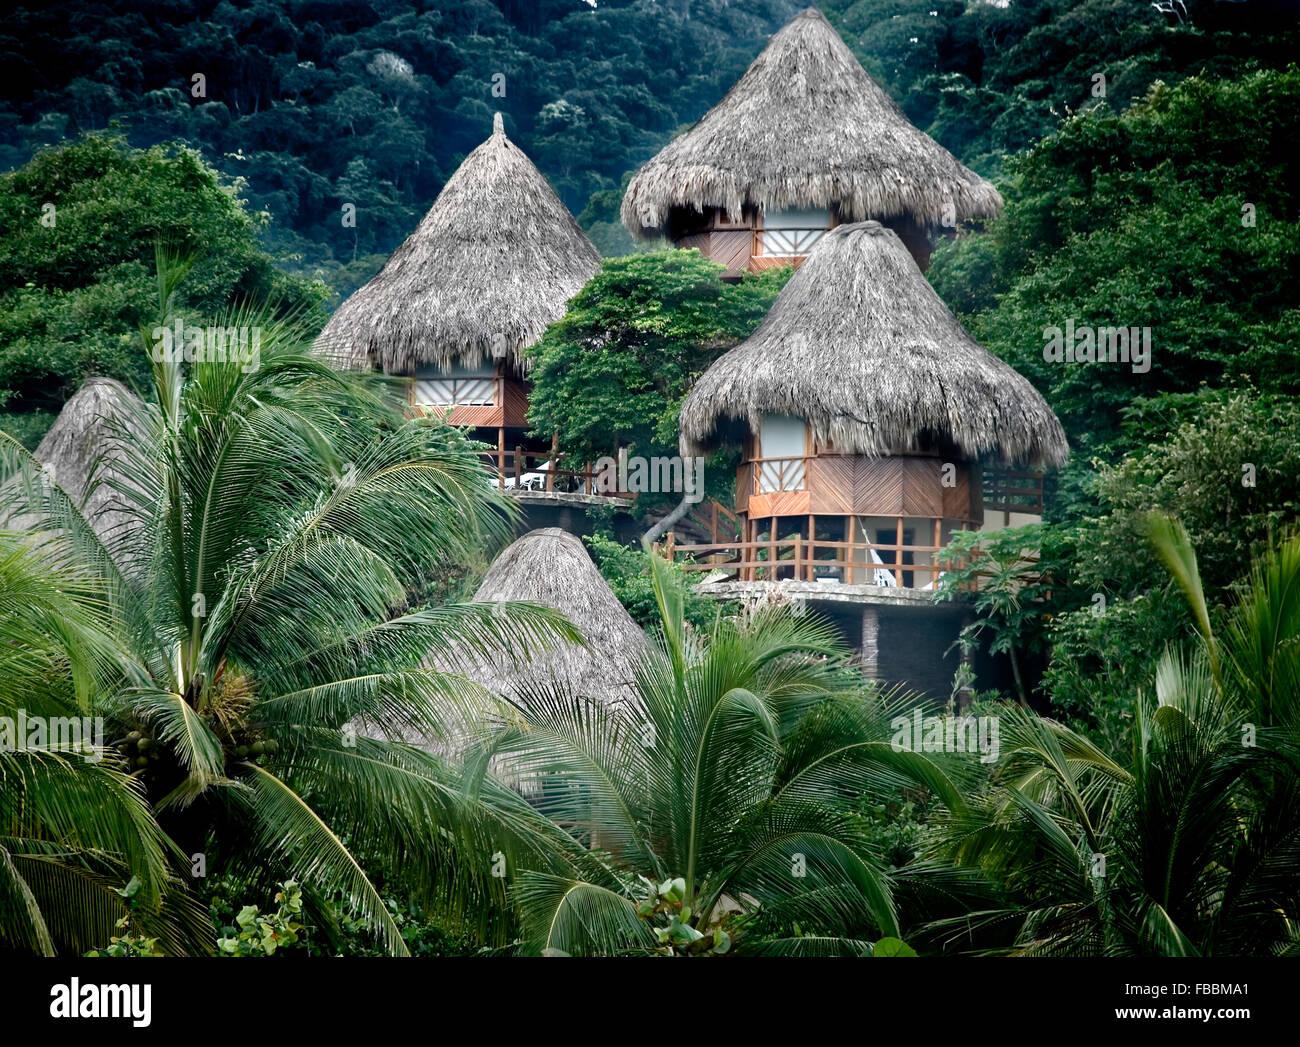 Tayrona National Park, Colombia - Stock Image
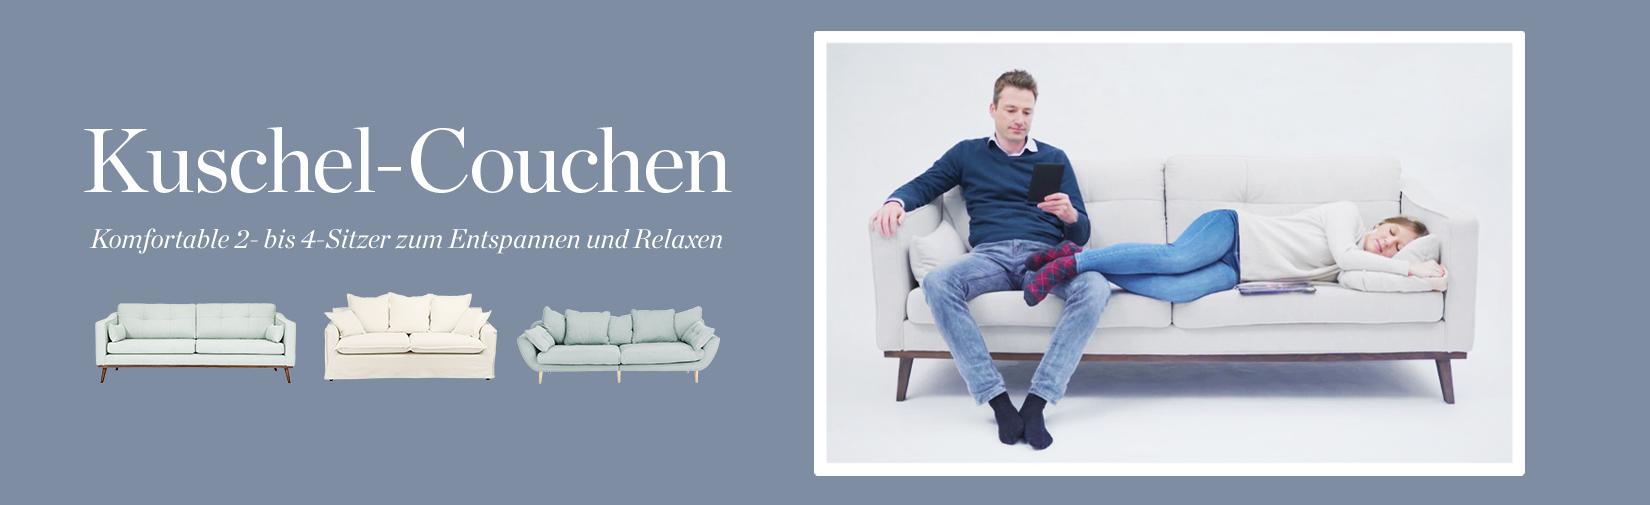 LP_KuschelCouchen_desktop_NEU
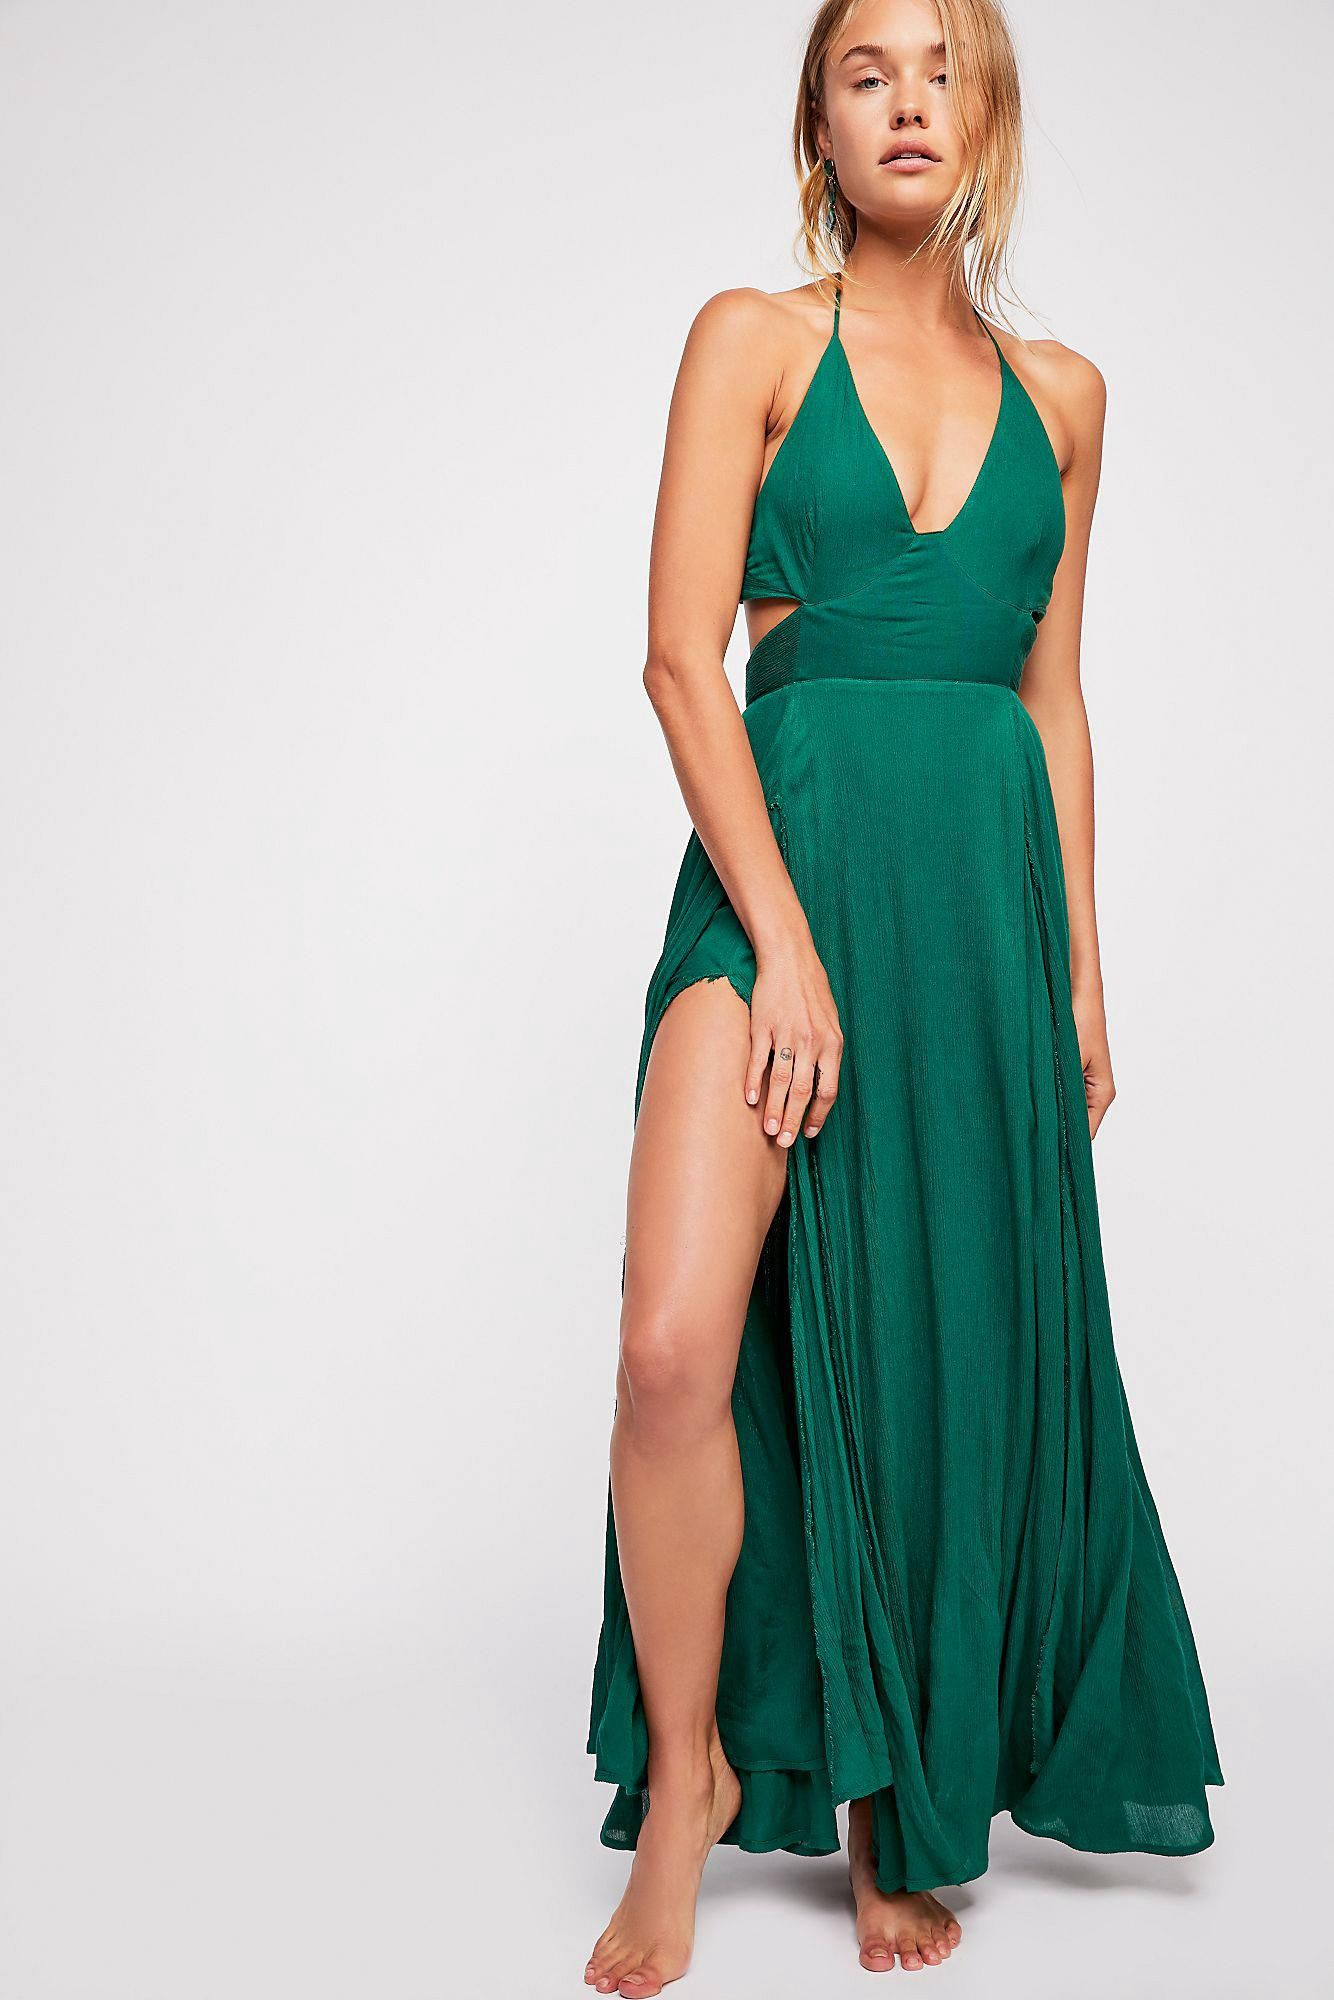 Free People Lille Maxi Dress Summer Bronze Xs Maxidressessummer Maxi Dress Summer Dresses Maxi Dress Green [ 2000 x 1334 Pixel ]

§ **Task description**
Transcribe the full listing above exactly, with the images removed.

§ **Problem solution**
 Tayrona National Park, Colombia - Stock Image
 LP_KuschelCouchen_desktop_NEU
 Free People Lille Maxi Dress Summer Bronze Xs Maxidressessummer Maxi Dress Summer Dresses Maxi Dress Green [ 2000 x 1334 Pixel ]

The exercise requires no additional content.